MODEL ASSESSMENT AND VALIDATION For explanatory models, researchers should focus on the individual b coefficients and P values for the risk factors of interest. For example, in the study by Yu et al [2], a transtibial level of amputation had an odds ratio of 2.127 (P < .05) for falls compared with a nontranstibial amputation. Measures of overall model performance, such as R2 values, are less important. Similarly, researchers who attempt to validate the findings need to confirm individual causal relationships rather than overall model performance. Authors and readers should consider the potential role of chance in the findings, particularly if a large number of risk factors were tested and if the resulting P values achieve only a moderate level of significance (.01 < P < .05). They should also consider whether the apparent relationships could be explained by unmeasured or residual confounding.
PREDICTIVE MODELING Prediction models aim to accurately estimate the probability that a disease is present (diagnosis) or that a future event will occur (prognosis). For example, Bates et al [3] built a model to predict 1-year mortality of veterans with stroke. Knowing a patient’s mortality risk can help patients, physicians, and caregivers to better plan postdischarge care and priorities. In predictive modeling, overall predictive accuracy is paramount and the role of individual variables is less critical. Variables may be included in the final model even if they are not causally related to the outcome. For example, stroke patients discharged to an acute care facility are more likely to die, but this variable is a marker of poor health rather than a cause of death.

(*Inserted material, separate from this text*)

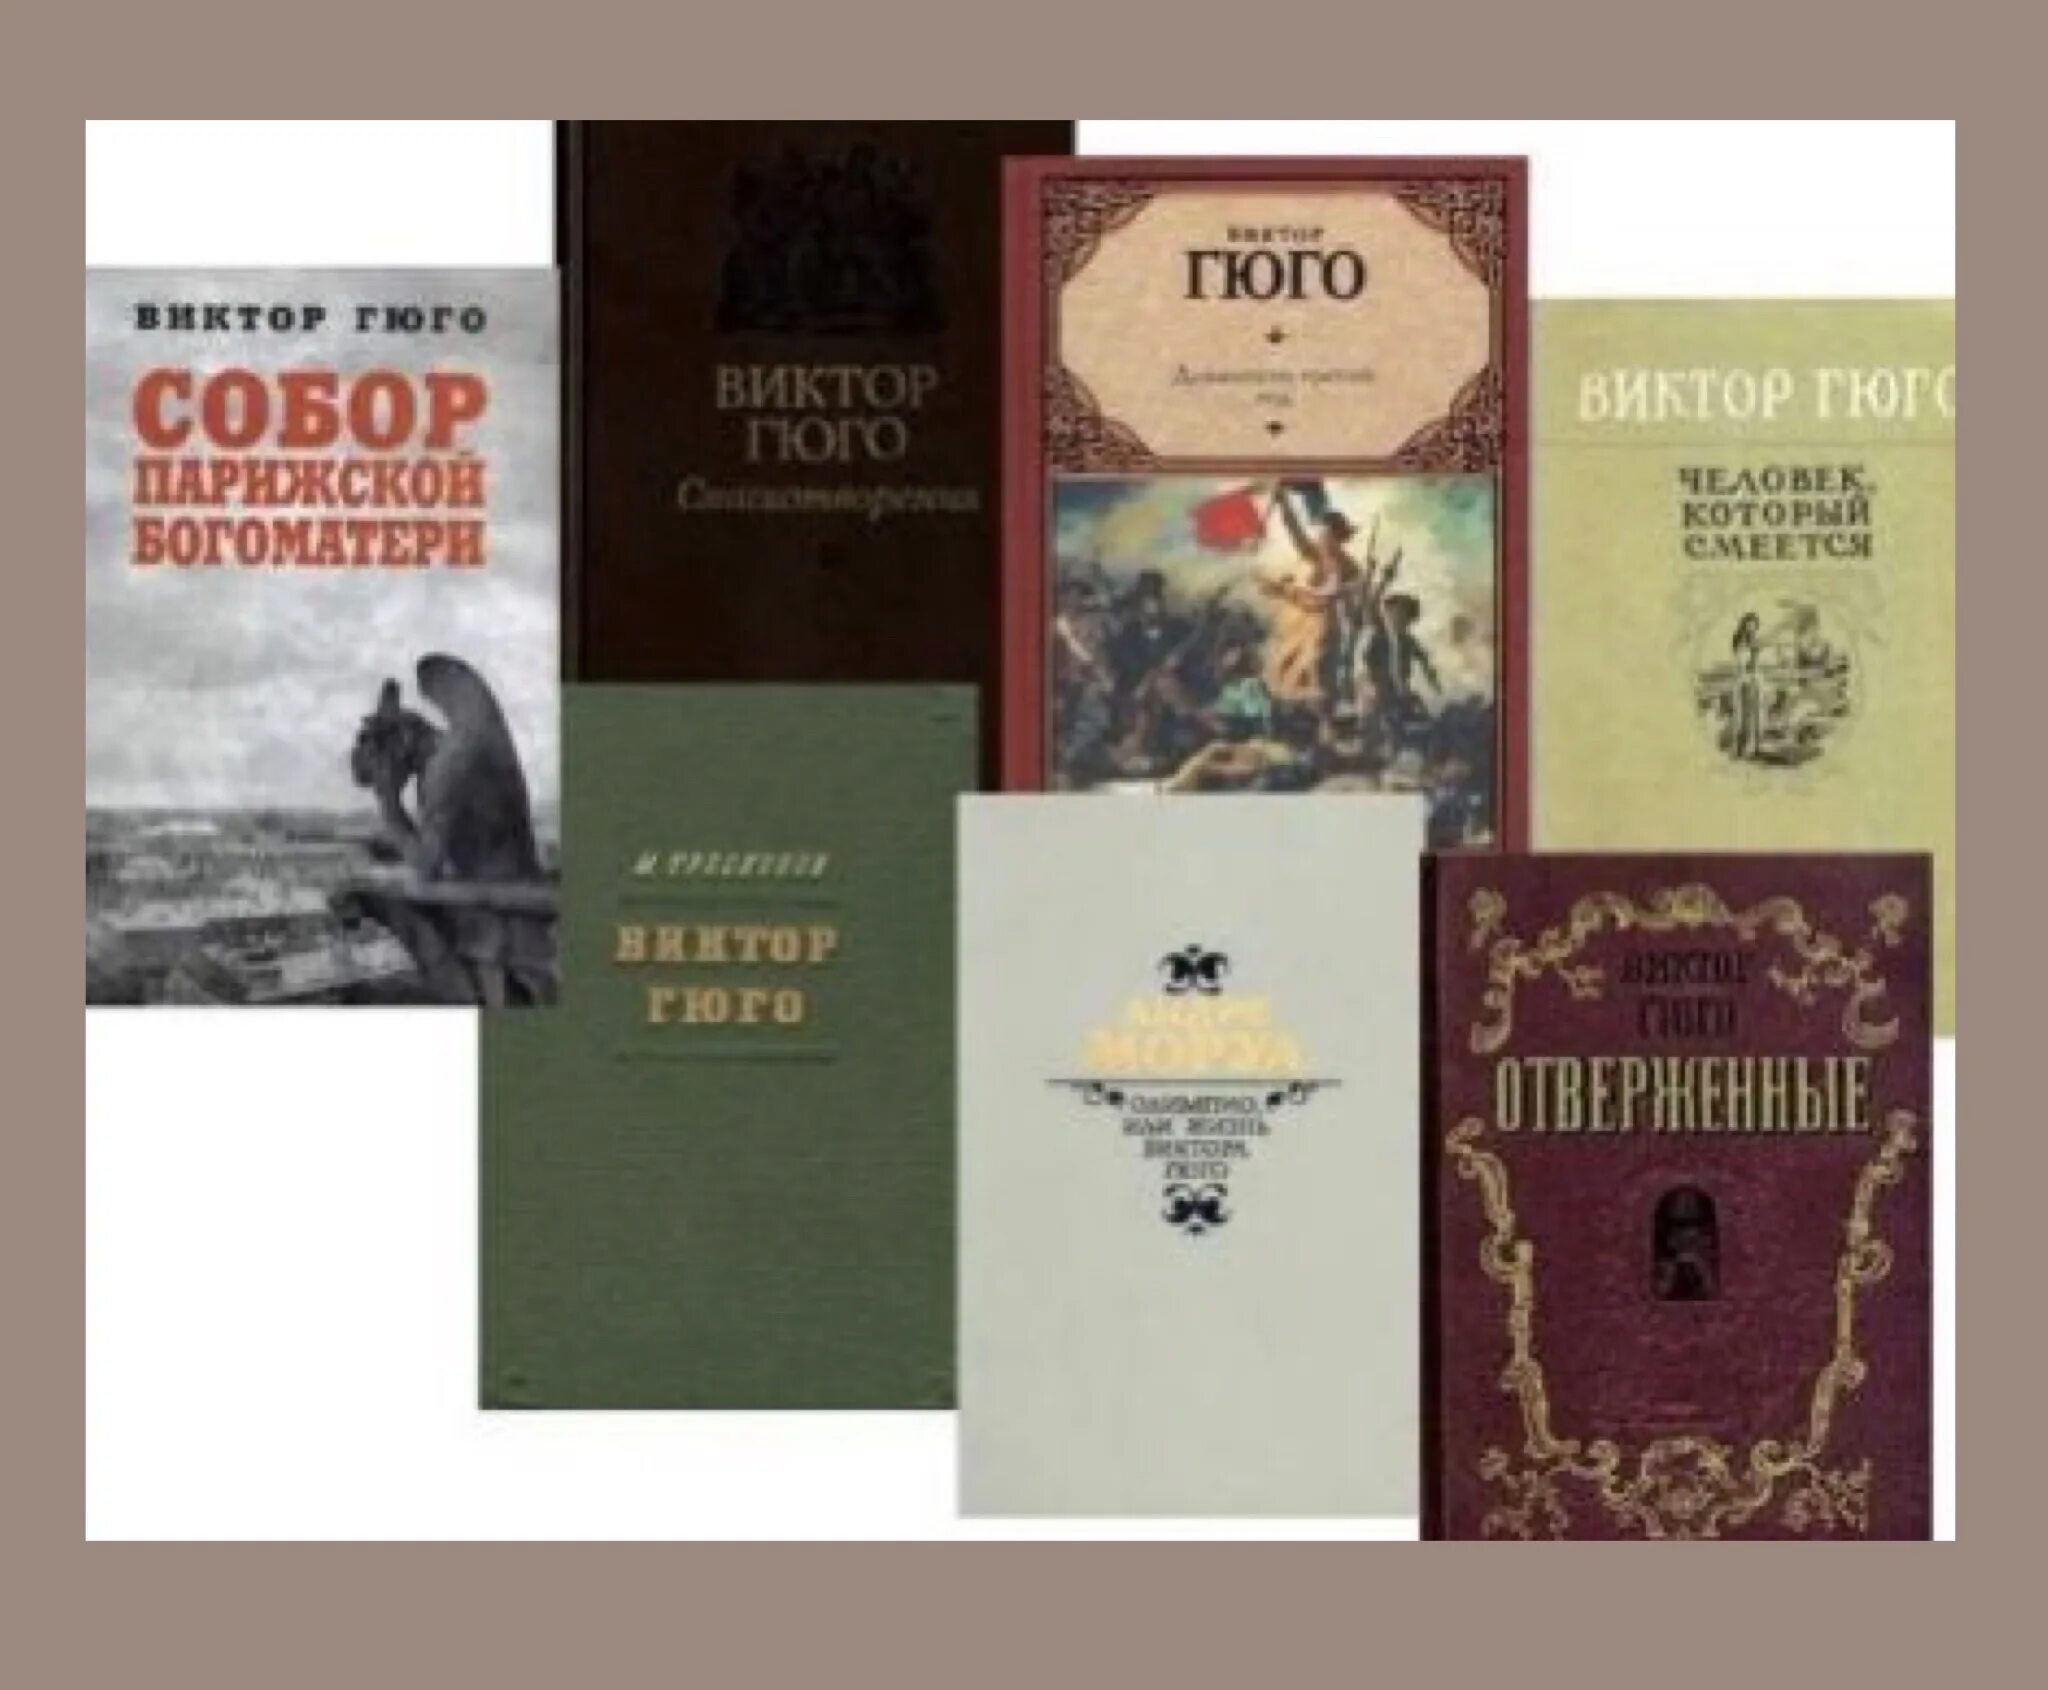 Самые известные произведения листа. Книжная выставка о Викторе Гюго. Произведения Гюго самые известные.

Predictive modelers need to consider several aspects of model performance. They also need to worry about overfitting and generalizability. Overfit models are tuned to the idiosyncrasies of a particular sample and thus have high predictive accuracy for the sample but not for new observations. Because of the problem of overfitting, prediction models should always undergo validation.
CANDIDATE VARIABLES Predictive modelers typically start with a larger pool of candidate variables than explanatory modelers. Bates et al [3]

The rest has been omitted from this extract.